How to predict values of a variable?

3

Live.

I do not realize much or even nothing about predicting values. My problem is knowing how to predict future values of a certain variable based on a set of values previously noted ...

Do you know where I can find tutorials that explain well what I need to know and do to solve my problem?

Thank you!

EDIT:

I have temperature measurements at regular intervals (in this case it is every 5 min but I also have 10 in 10 min or other values). Ex:

180 '2000-08-13 14:05:00'

172 '2000-08-13 14:10:00'

110 '2000-08-13 14:35:00'

102 '2000-08-13 14:40:00'

94 '2000-08-13 14:45:00' ....

What I wanted to know is how can I determine the future temperature with a window of 30 min, that is, forecast the temperature, for example, at the time '2000-08-13 15:15:00'. If you need more information, let me know!

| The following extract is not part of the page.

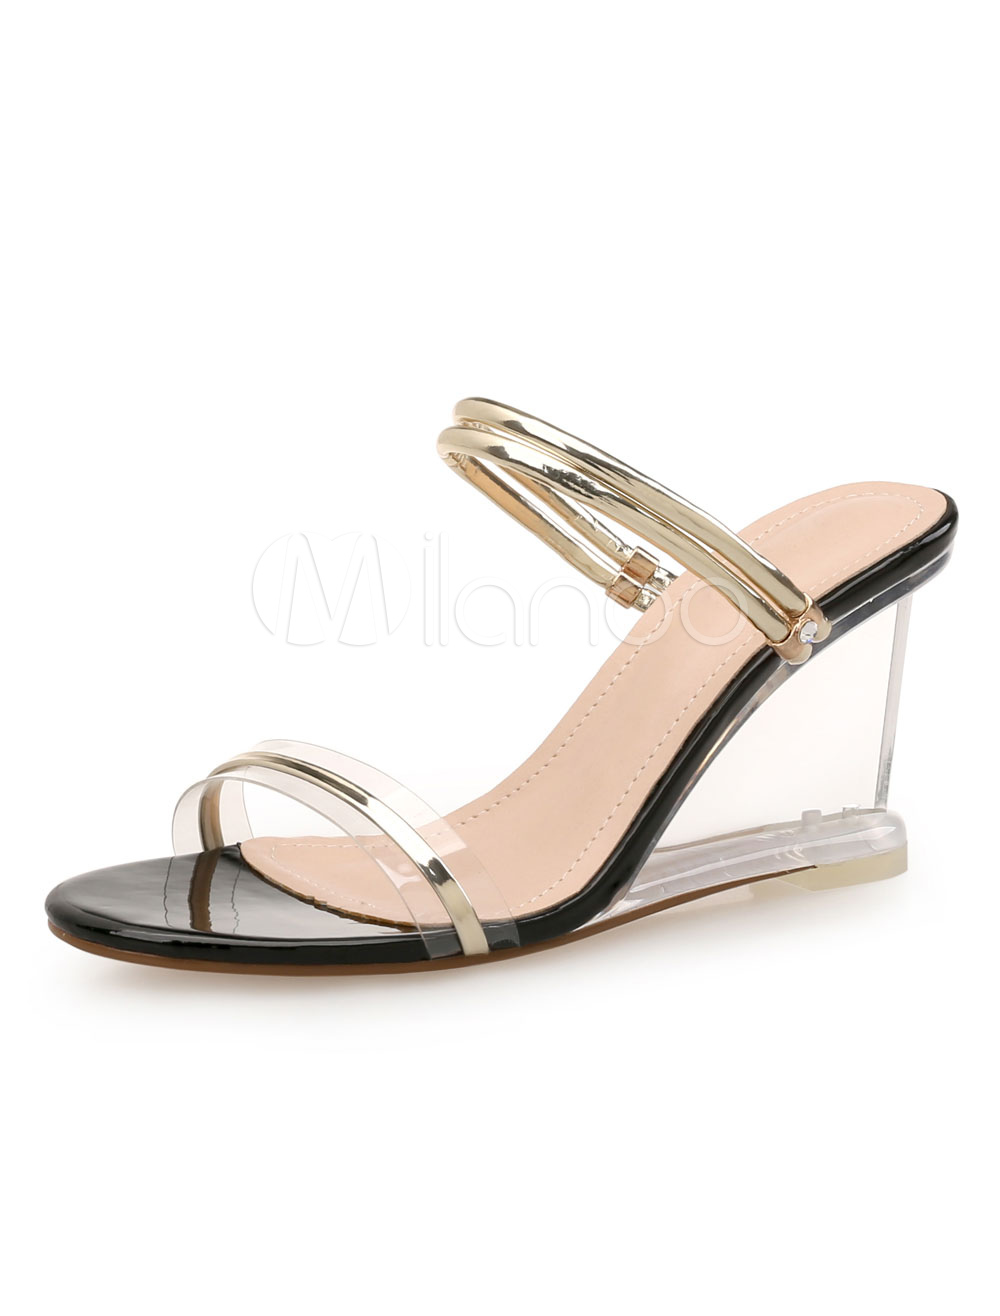 cc4a73393f42 ... Gold Wedge Sandals Women Shoes Open Toe Slide Sandals-No.6. 12. 50%OFF.  Color Blond
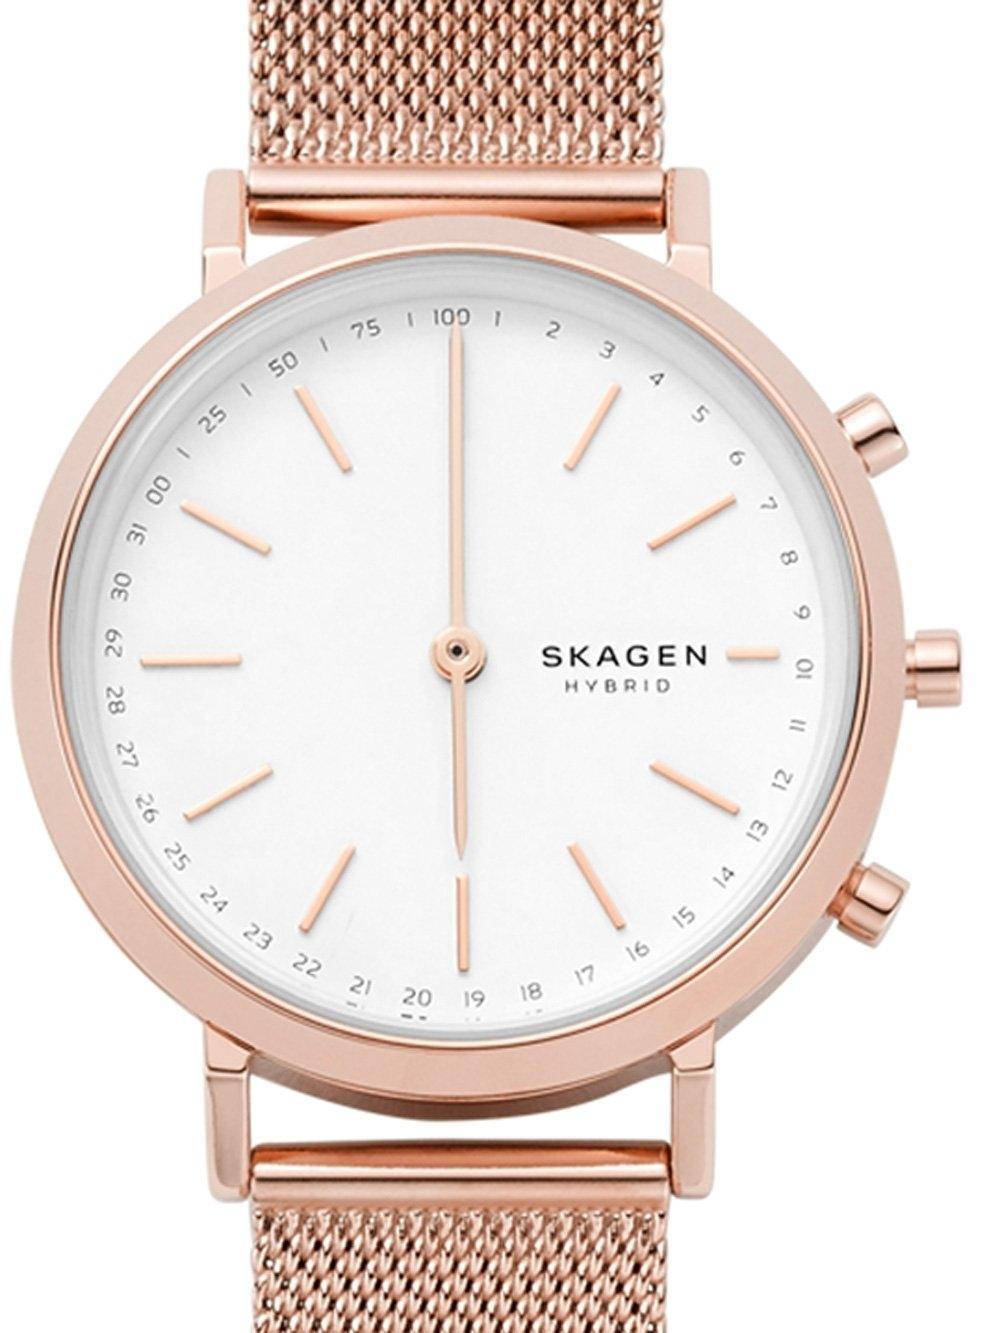 ceas de dama skagen skt1411 hald hybrid smartwatch 34mm 3atm

I've also searched Google, but it's hard to see how well these things work. This is because it seems to me that what I see is the style: given x and y the result will be z and in my case it is given q the result is q (if it makes me understand).

    
asked by anonymous 27.10.2014 / 21:12

2 answers

6

You offered few examples of your problem, so I did the best I could with them. At least in these data, the temperature falls throughout the day in a fairly linear fashion. So you can try to produce a linear model (by doing a linear regression using the least squares method as suggested by @Vinicius) with the data it has and so try to provide the value for an hour earlier.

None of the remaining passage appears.